Shailendra Pal Singh1, Suraj Kumar2, Gowrishankar Potturi3* and Raj Kumar4

1Professor and Head, Department of General Surgery, Uttar Pradesh University Of Medical Sciences, Saifai, Etawah, UP, India

2Associate Professor and Head, Dept. of Physiotherapy, Faculty of Paramedical sciences, Uttar Pradesh University of Medical Sciences, Saifai, Etawah, UP, India

3Department of Physiotherapy, Faculty of Paramedical Sciences, Uttar Pradesh University of Medical Sciences, Saifai, Etawah, India

4MCh. PhD (Ayurveda), DSc., Vice-chancellor, Uttar Pradesh university of Medical Sciences, Saifai, Etawah, Uttar Pradesh, India

*Corresponding author: Gowrishankar Potturi, Department of Physiotherapy, Faculty of Paramedical Sciences, Uttar Pradesh University of Medical Sciences, Saifai, Etawah, UP, India

Citation: Singh SP, Kumar S, Potturi G, Kumar R. (2021) Critical Respiratory Dysfunction and Role of Chest Physiotherapy in Sars Cov-2 Pandemic: a Case Series. Adv Clin Med Res. 2(1):1-8.
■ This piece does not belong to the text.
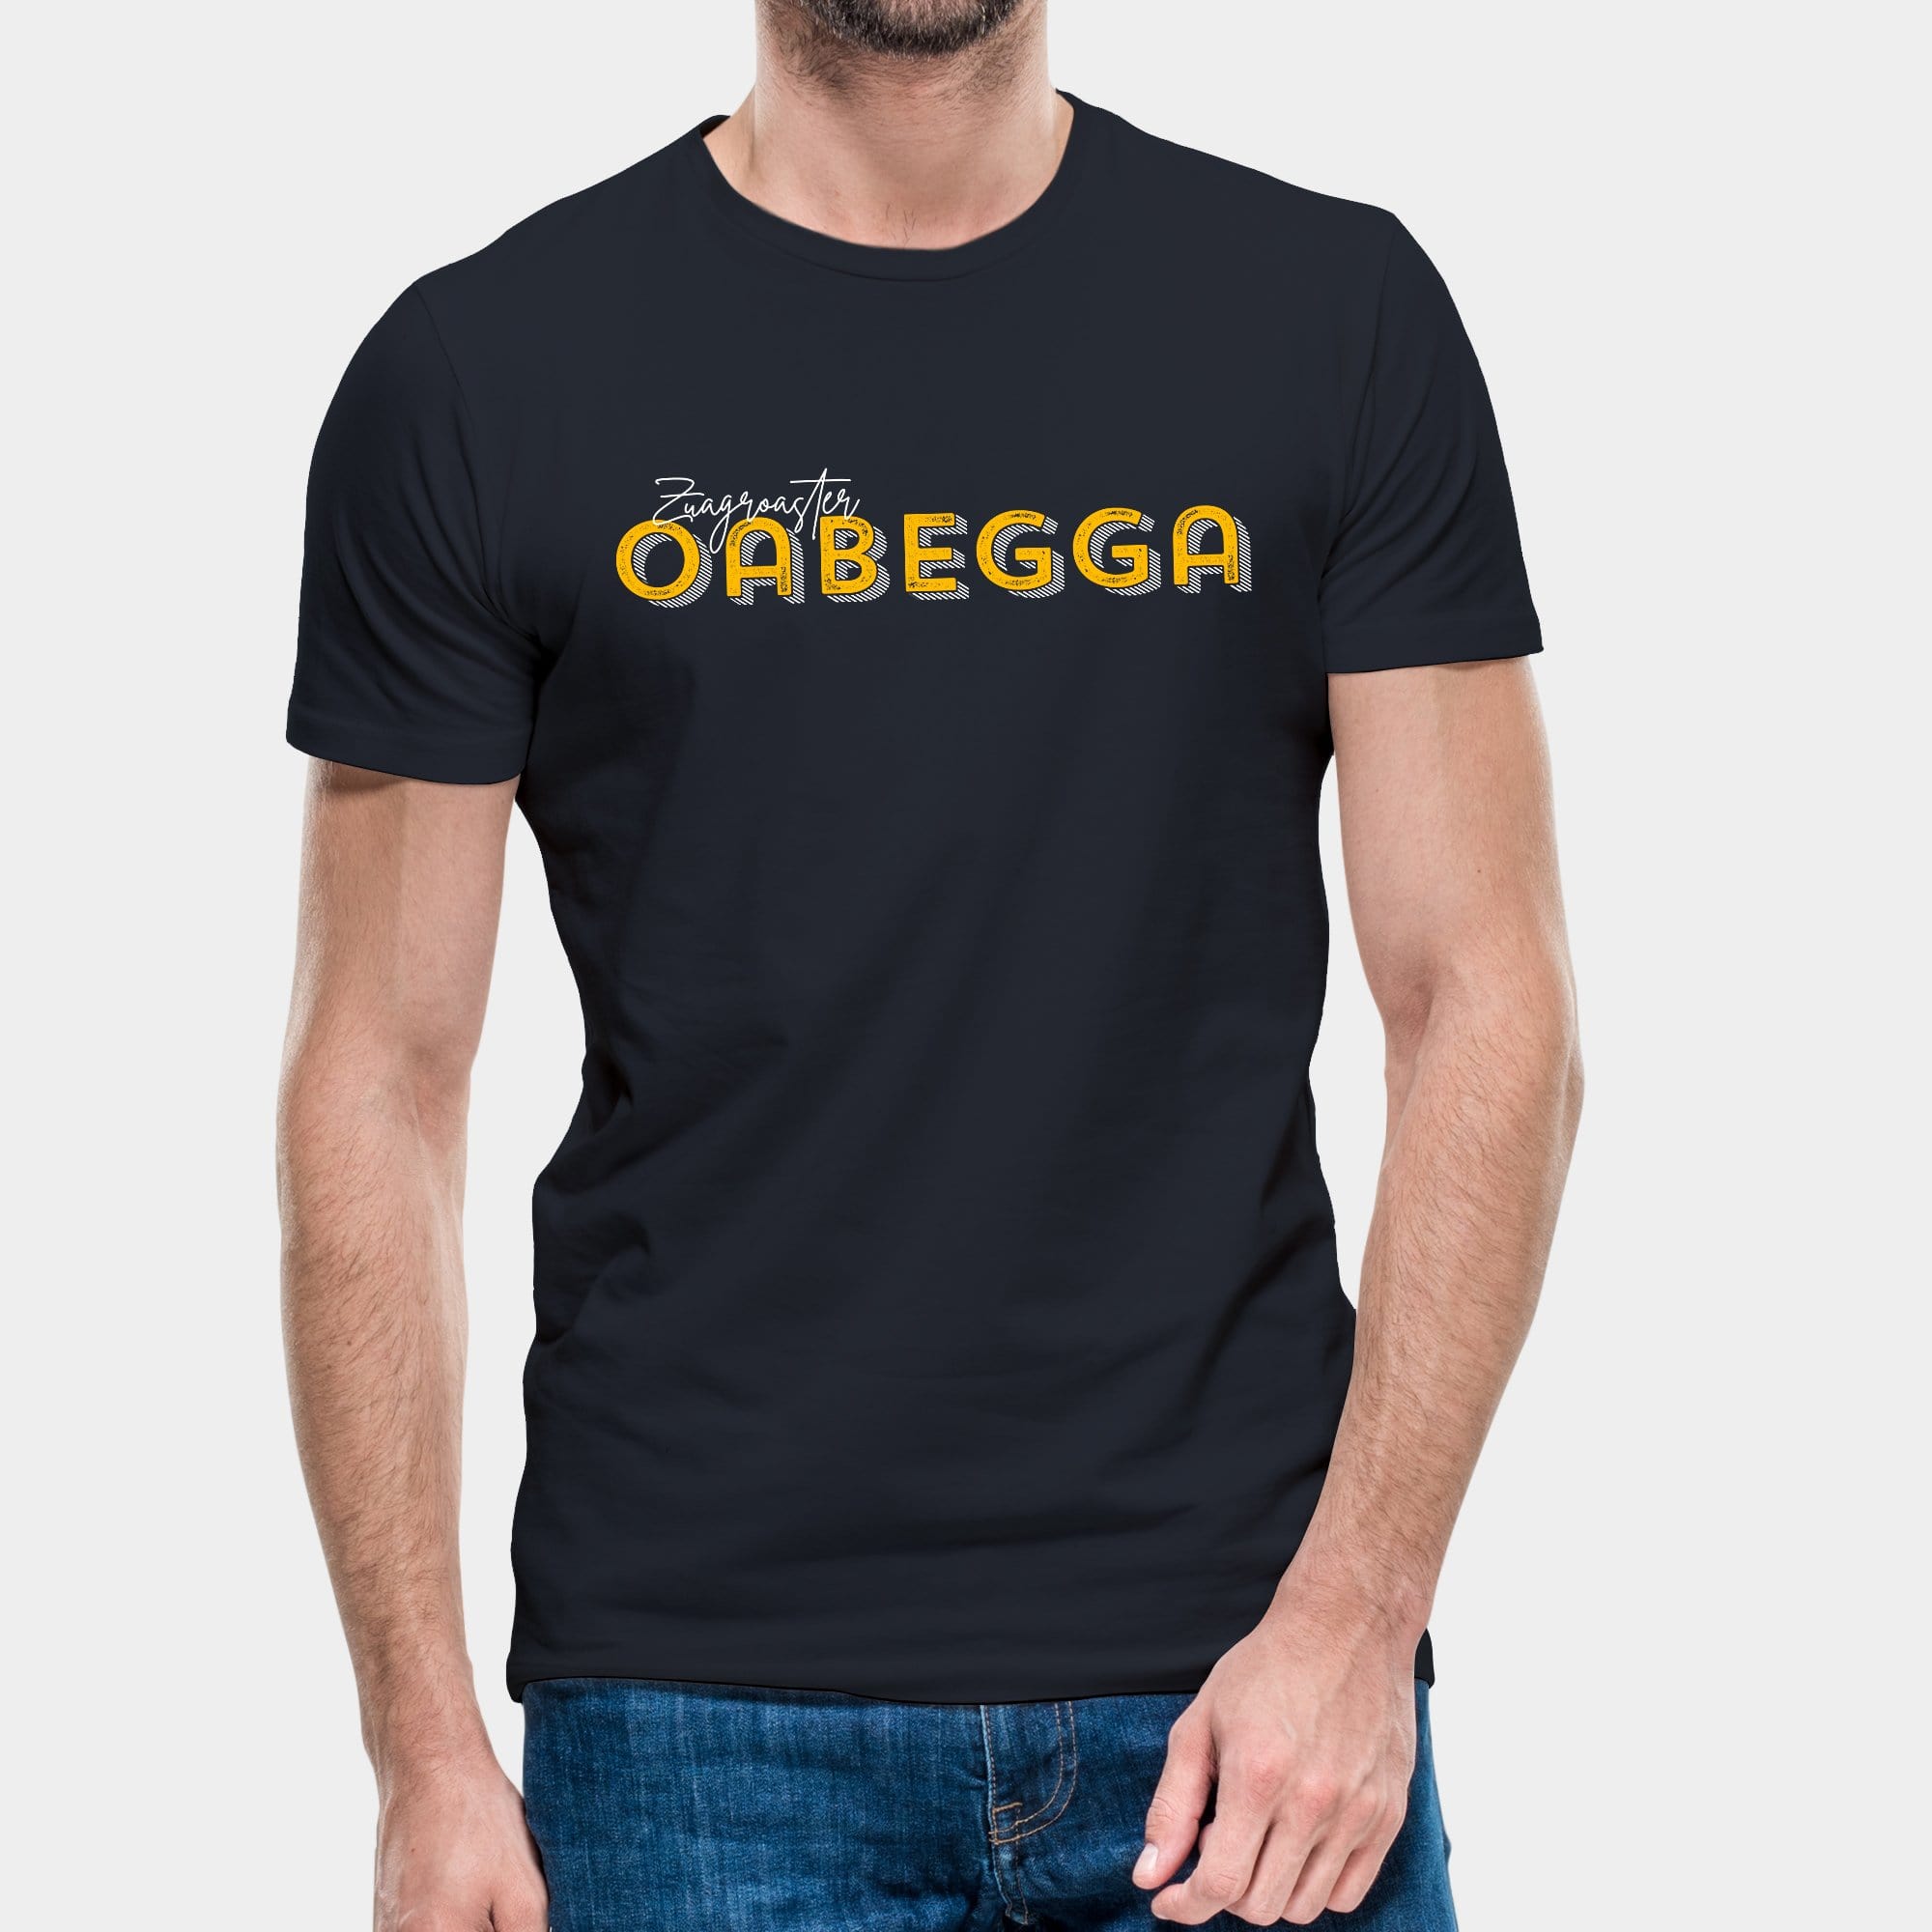 Projekt Herren-T-Shirt "Zuagroaster Oabegga" S / navyblau - aus nachhaltiger und fairer Produktion
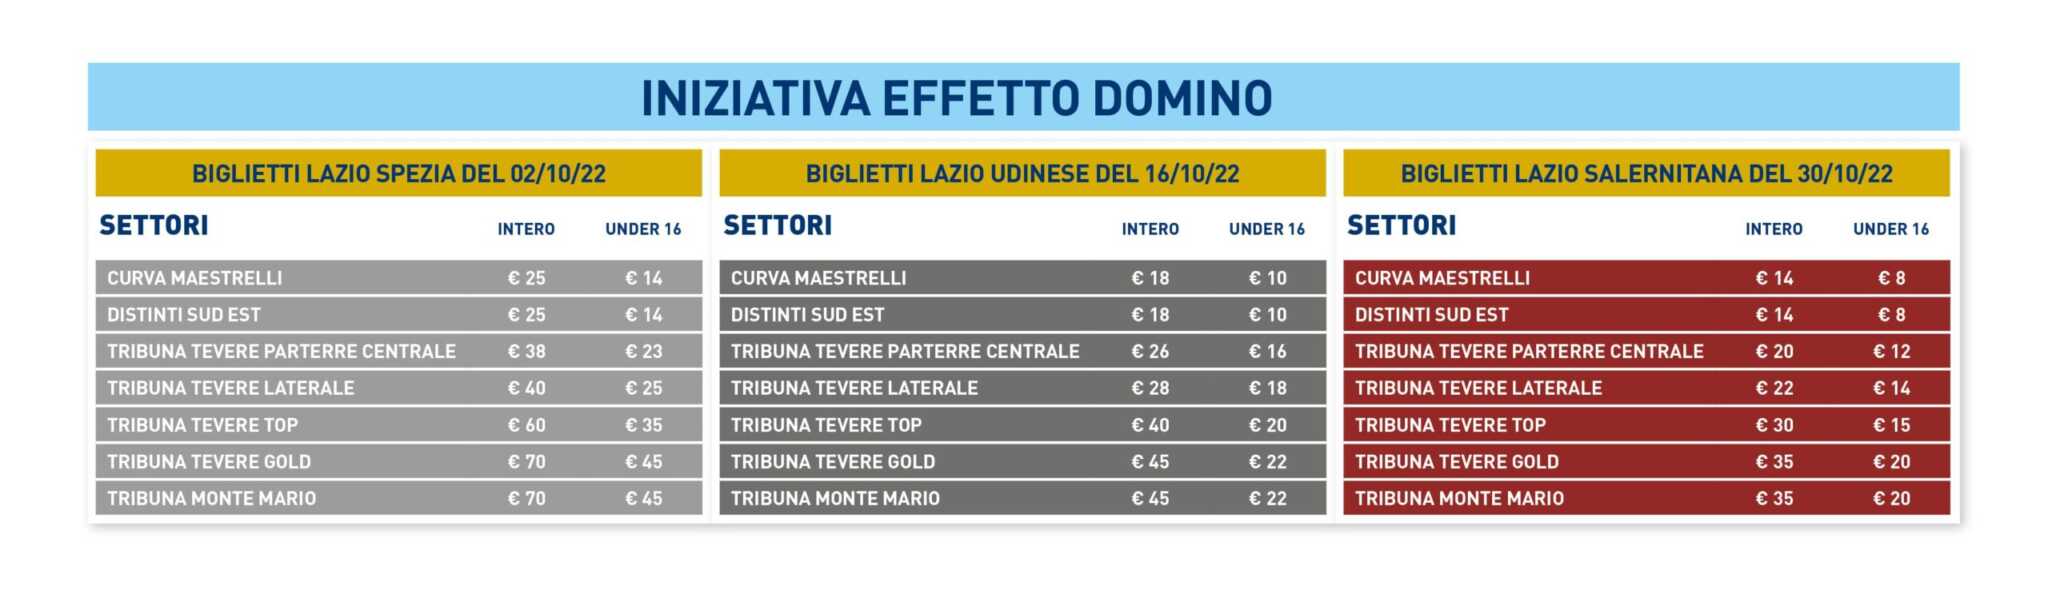 Biglietti Lazio promozione effetto domino

Received: February 15,  2021, | Published: February 26, 2021

Copyright© 2021 genesis pub by Singh SP, et al. CC BY-NC-ND 4.0 DEED. This is an open-access article distributedunder the terms of the Creative Commons Attribution-NonCommercial-No Derivatives 4.0 International License.,This allows others distribute, remix, tweak, and build upon the work, even commercially, as long as they credit the authors for the original creation.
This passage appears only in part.